A current example of that would be the EU designation of Bashar al-Assad under the EU’s Syria sanctions regime, which has frozen the assets of Assad in the EU —including the UK—and banned him from entering the EU. However, people associated with him are also designated: leading businesspersons operating in Syria; members of the Syrian armed forces of the rank of colonel, or the equivalent or higher, in post after May 2011; members of the Syrian security and intelligence services in post after May 2011; and members of the regime-affiliated militias. Removing the ability to designate these as “associated persons”, as proposed in Amendment 30, would remove the ability to designate those who have a significant role in threats to peace and security.
The noble and learned Lord, Lord Judge, gave a personal example of being connected and made the pertinent point of the definition being very wide: it encompasses many people, even those whose connections are arguably tenuous. As I have already explained, it is necessary to ensure that sanctions are broad and effective. To say that somebody is connected because of a remote family relationship is tenuous. I doubt it would be lawful or stand up to scrutiny in a court, nor would it advance the purpose of the sanctions. However, it is
almost impossible to foresee what type of connections will be required in future sanctions regimes, but I do not believe that this one, in terms of the detailed nature of what the noble and learned Lord expressed, would apply.

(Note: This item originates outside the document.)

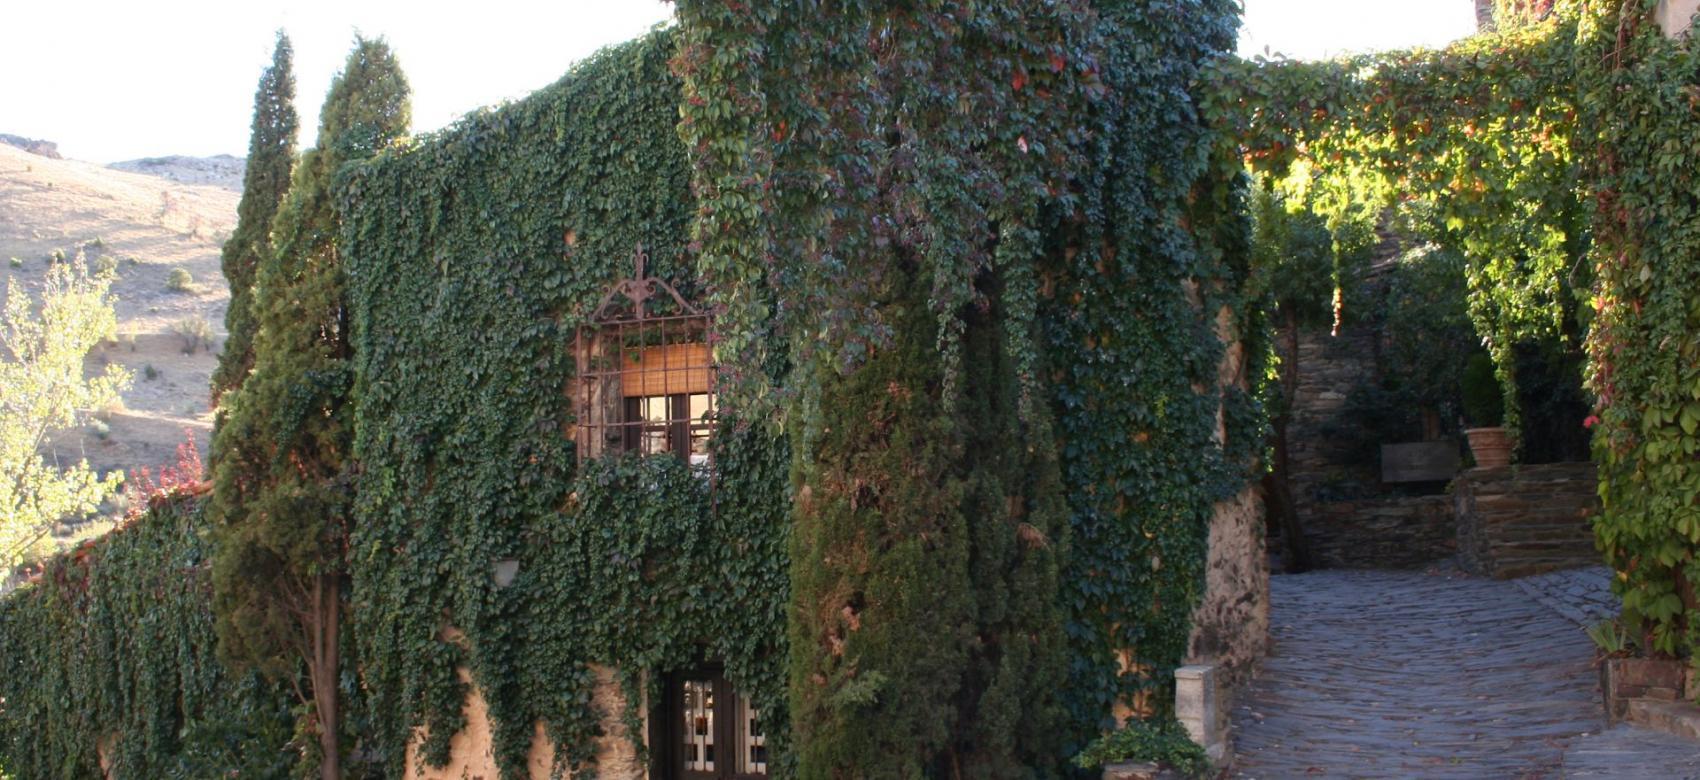 Casa típica de Patones

I have heard and listened very carefully to the concerns, but at the same time I have stated that there are good reasons for casting these powers in the way we have. There will be real difficulties in applying sanctions if they are too restricted. We believe that we have the balance right. With the practical examples I have given, and my interpretation of the Bosphorus case—especially when we bear in mind that power can be exercised only when proportionate and compliant with human rights; any other use would be forbidden by Section 6 of the Human Rights Act 1998—I hope that the noble and learned Lord will be minded to withdraw the amendment.